What Is A/B Testing and How to Run It Without Fooling Yourself
What Is A/B Testing?
A/B testing (also called split testing) is a method of comparing two versions of a webpage, email, or other marketing asset to see which one performs better. You show version A to half your audience and version B to the other half, then measure which version achieves more conversions.
The concept is simple. However, running A/B tests correctly is surprisingly difficult. Most businesses make fundamental mistakes that lead to false conclusions and wasted effort.
In other words, they think they’re making data-driven decisions when they’re actually just fooling themselves.
How A/B Testing Works
The basic process looks straightforward:
- Create a hypothesis — “Changing the button color from blue to green will increase clicks”

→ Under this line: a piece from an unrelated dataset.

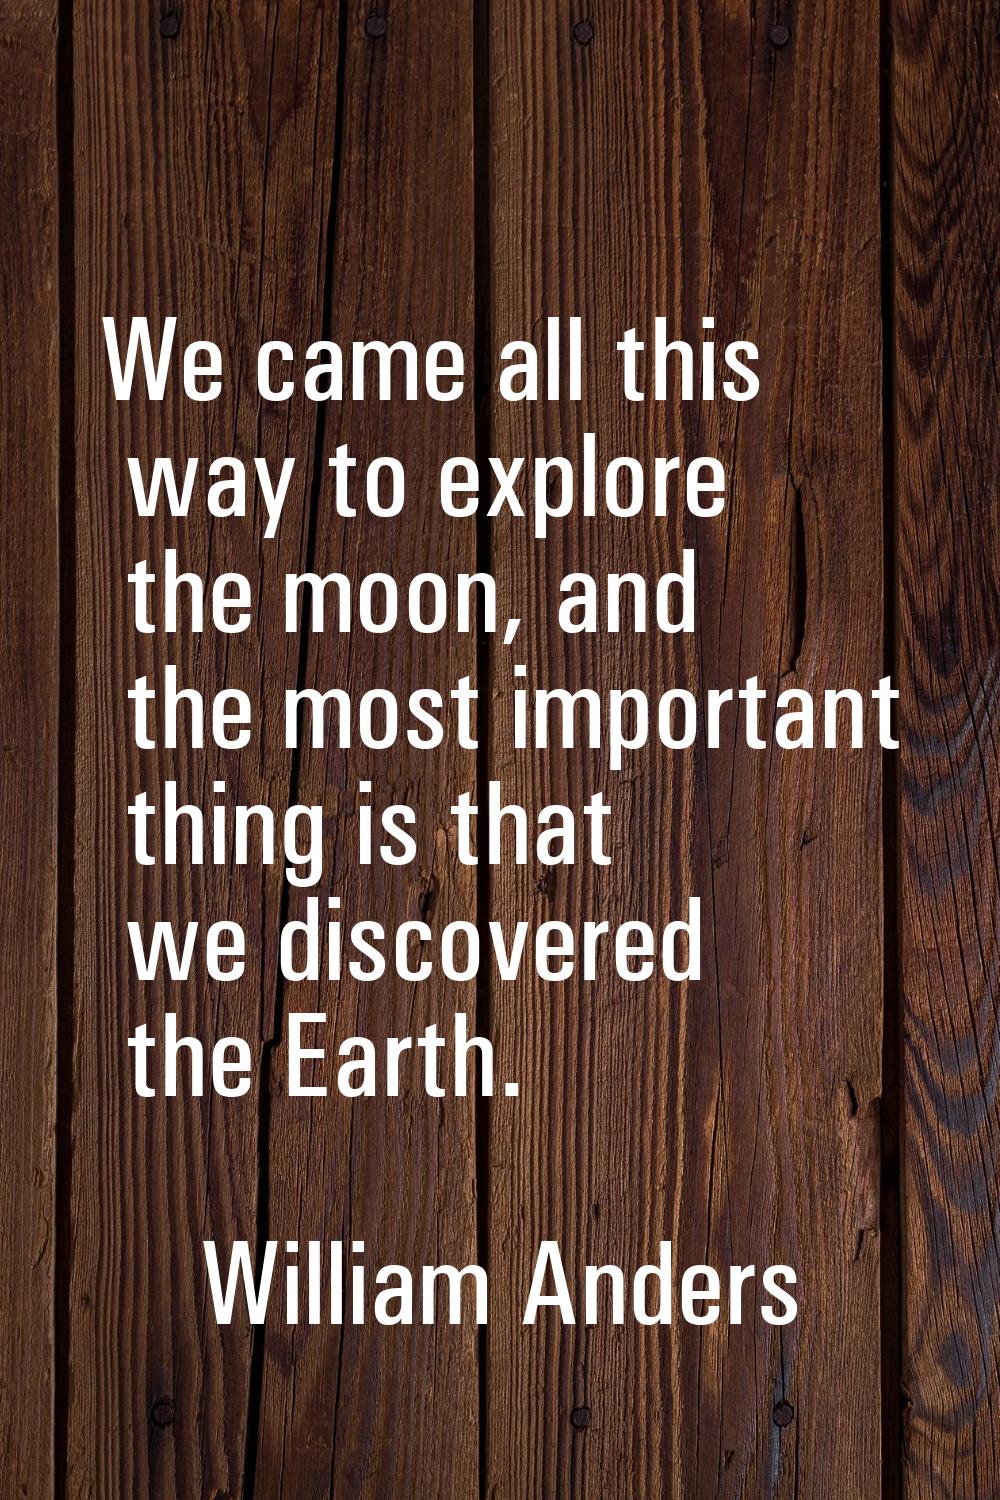 We came all this way to explore the moon, and the most important thing is that we discovered the Ea
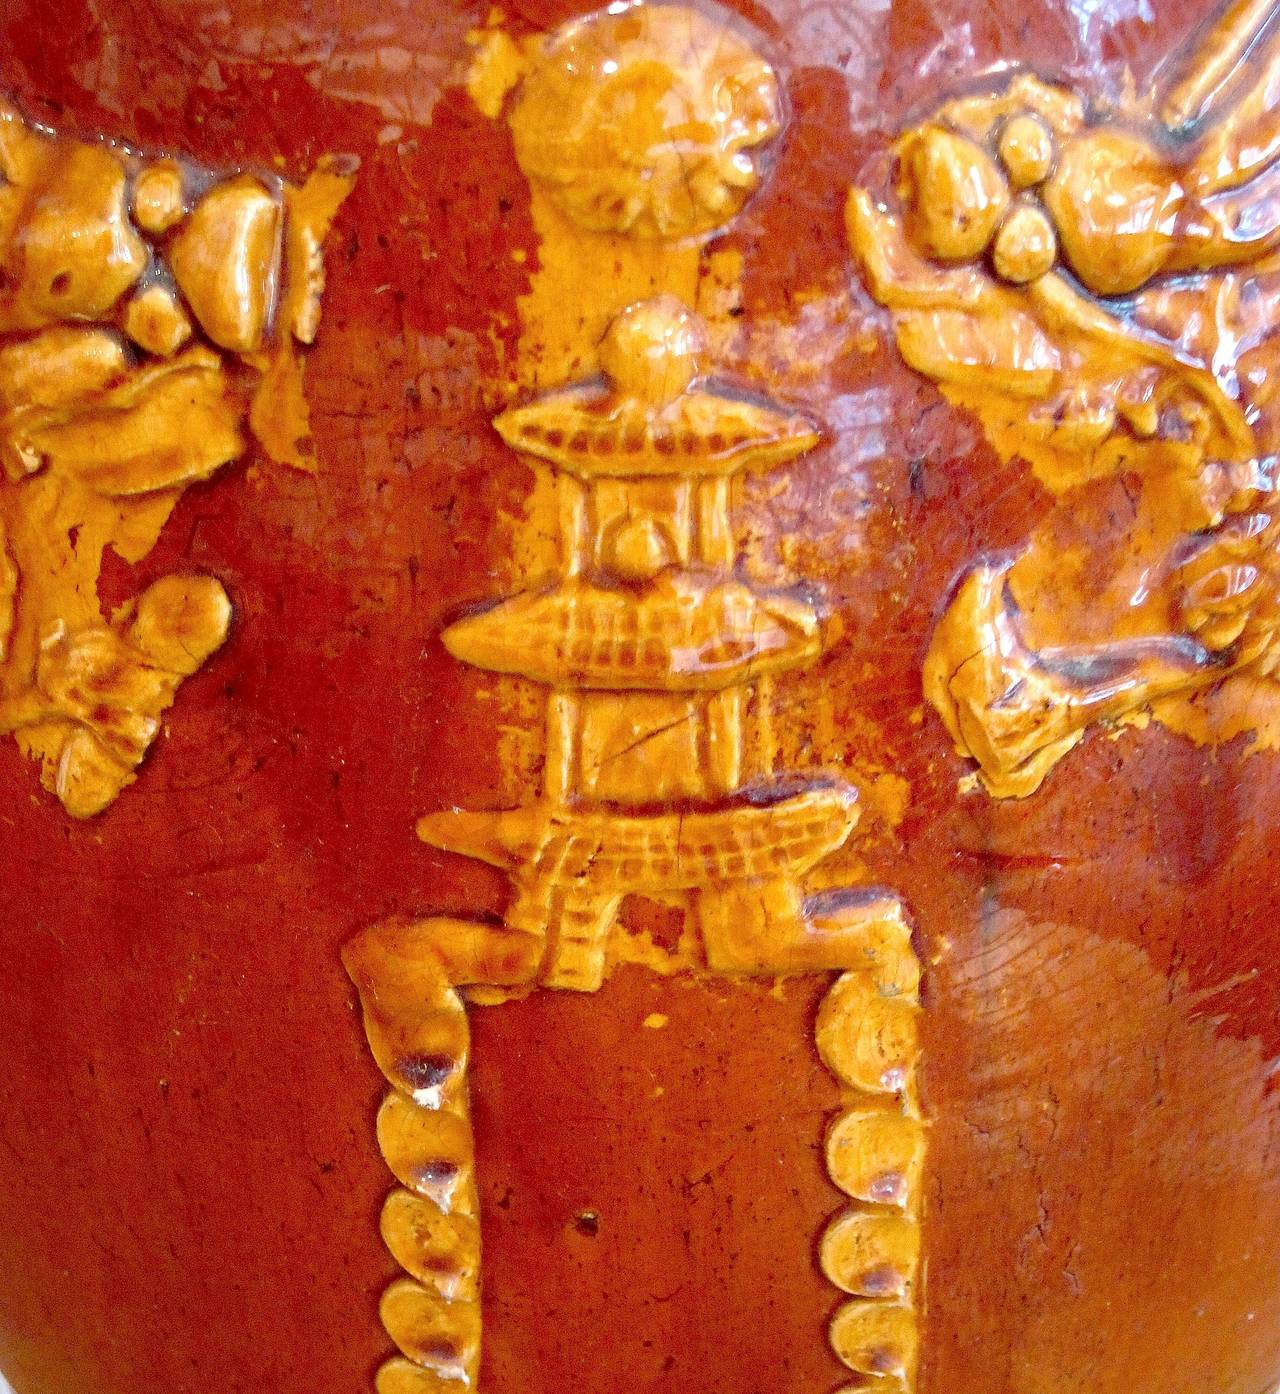 This monumental Korean kimchi (spicy fermented cabbage) storage jar truly has an impressive, almost regal presence. It is made of heavy, clear glazed terra cotta and has applied decoration in the form of two large dragons facing a temple, with hand

- Build two versions — Control (A) keeps the original, Variant (B) has the change
- Split traffic randomly — 50% sees A, 50% sees B
- Measure results — Track conversions for each version
- Declare a winner — Pick the version with better performance

This sounds easy. Unfortunately, each step hides potential pitfalls that can completely invalidate your results.
The Statistical Significance Problem
Here’s where most A/B tests go wrong: people don’t understand what “statistical significance” actually means.
Statistical significance tells you the probability that your results occurred by chance. A 95% confidence level means there’s only a 5% chance that the difference you observed was random noise.
However, this doesn’t mean what most people think it means.
What 95% Confidence Actually Means
A common misconception is that 95% confidence means “there’s a 95% chance the winning variant is actually better.” That interpretation is incorrect.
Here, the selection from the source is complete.